Two news items came out this week that caught my attention and got me thinking. The first was a report from LexisNexis - the 2009 LexisNexis True Cost of Fraud.The shocking headline figure in this report was that US merchants are paying $100 billion in fraud losses due to unauthorized transactions and fees/interest associated with chargebacks, nearly ten times the cost incurred by banks.
The second item was new findings announced by Moneris Solutions, Canada's largest payment processor. The findings revealed that merchants who processed greater than 40 per cent of total transactions using chip and PIN technology experience on average, up to four times fewer chargebacks than those who processed less than 40 per cent of total transactions using chip technology. Retailers reported 2.9 times fewer chargebacks while restaurants reported 1.8 times fewer chargebacks.
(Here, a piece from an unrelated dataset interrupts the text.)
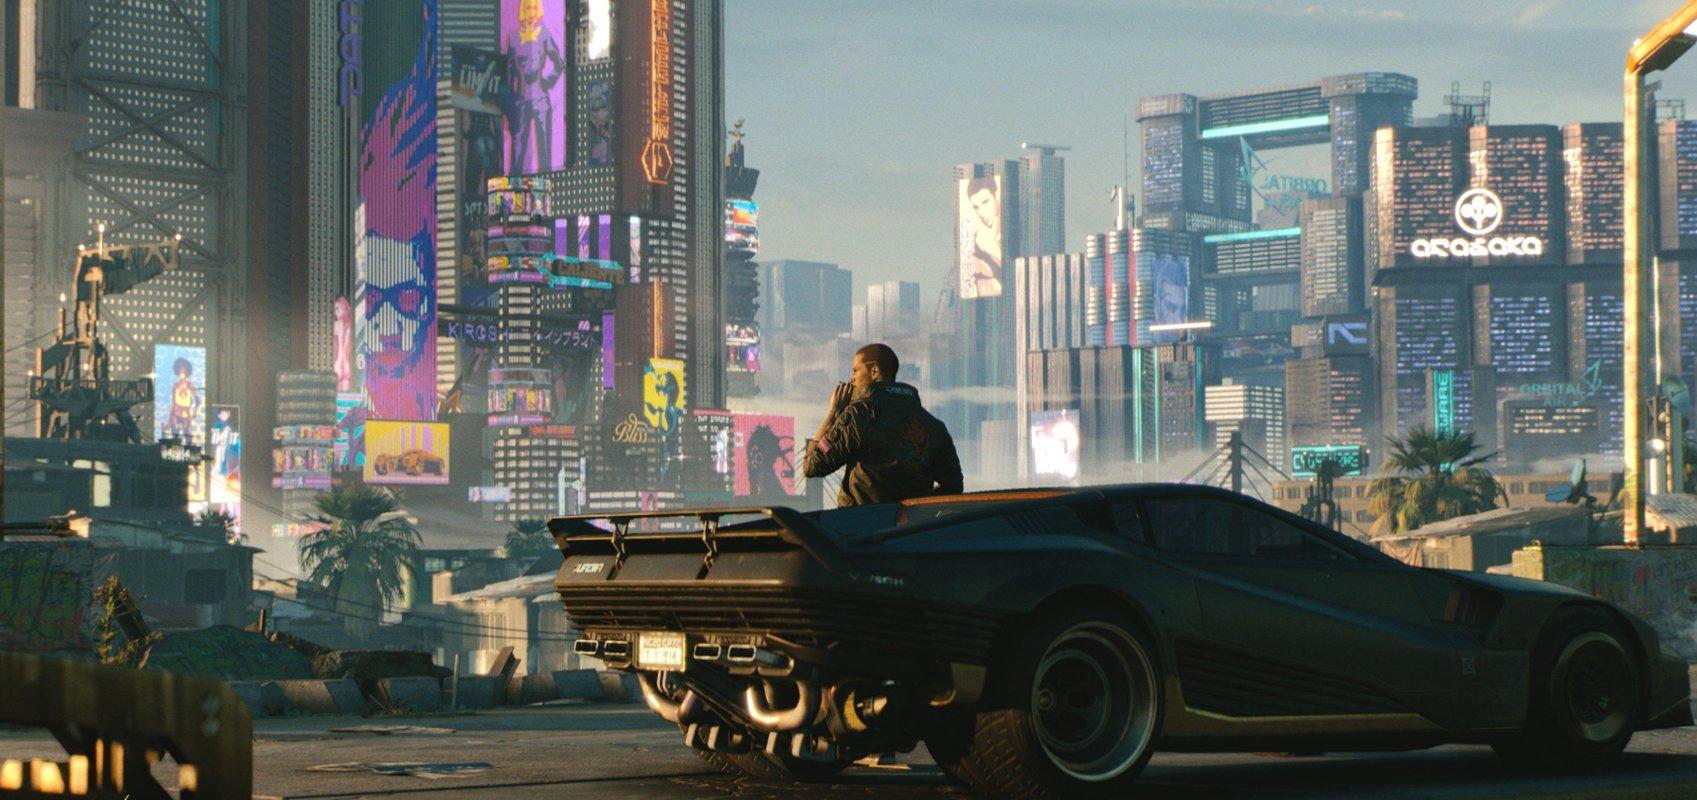 CYBERPUNK 2077 – Gameplay and Video
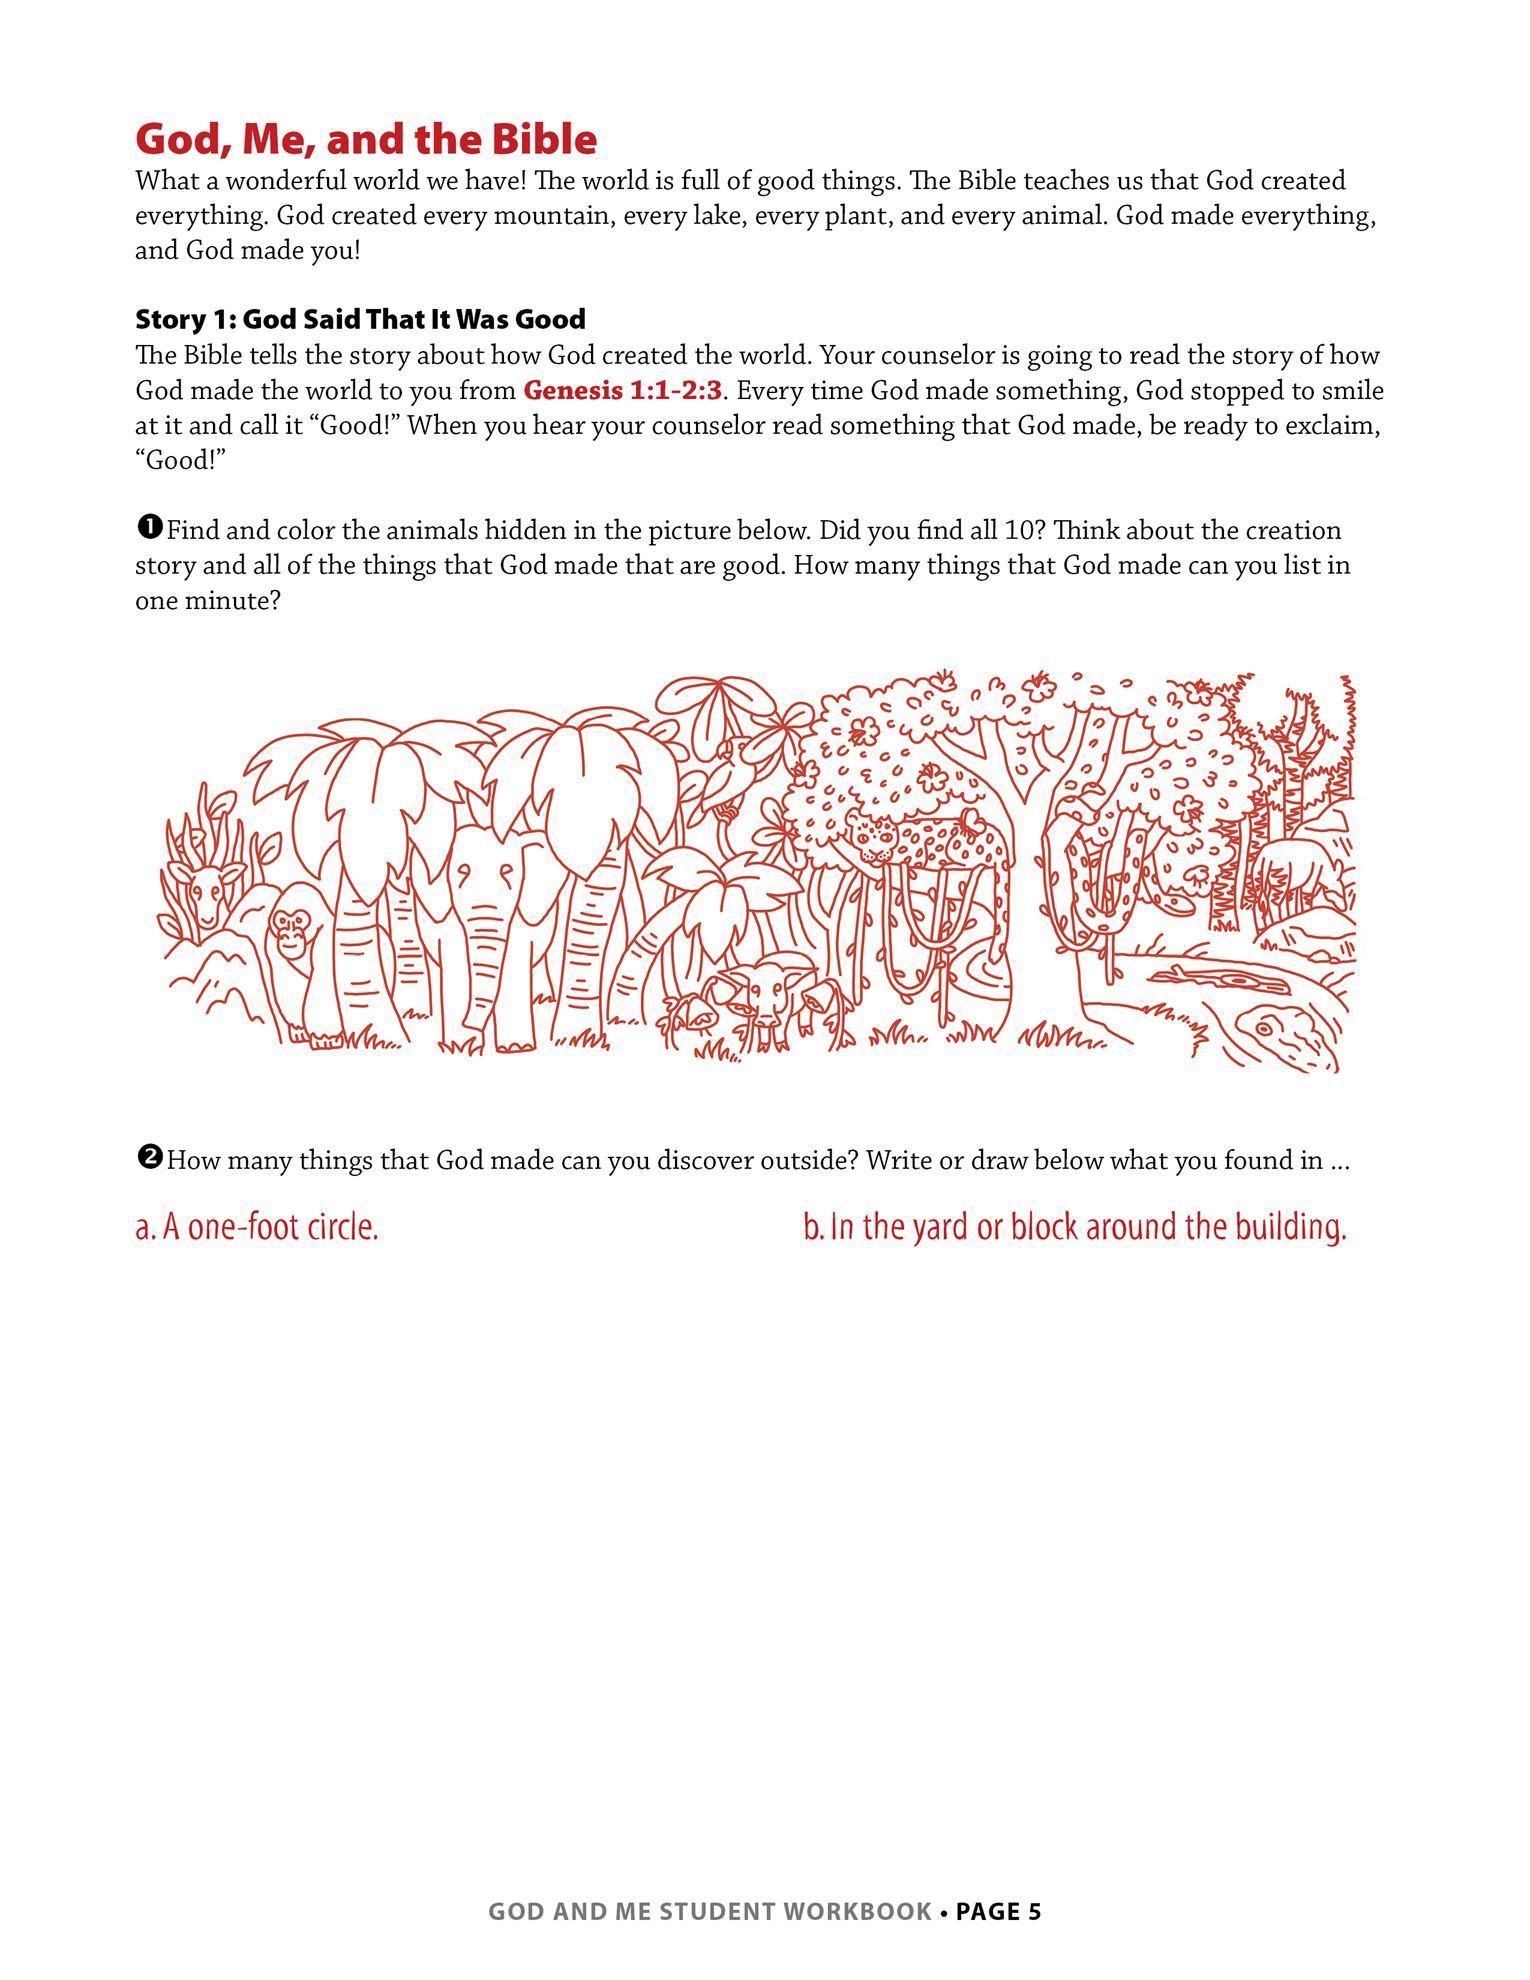 Lesson 1, page 5

How much could US Merchants' save in chargeback costs if they gained the same benefits by using chip card technology? Well, if chargebacks could be reduced by something between that achieved by retailers and restaurants in Canada, say 2 times, the saving would be $50 billion. An end 2008 Tower Group report estimates the cost to update the whole of the US to EMV (cards and card payment network) at $18.2 billion. That looks like a good payback to me. The problem though is that banks also need an incentive to change. While they are able to charge back fraud costs to merchants and keep their own card fraud costs to a much lower figure ($10 billion) they are far less motivated to move.
What’s impossible to know about the fraud reduction seen in any country where chip-and-PIN has been introduced is how much of the reduction may have been possible simply by moving to using PINs for POS transactions – without issuing chip cards. The widespread introduction of PIN debit and an equivalent for credit transactions may have an equally significant impact on reducing US Merchant’s card fraud costs.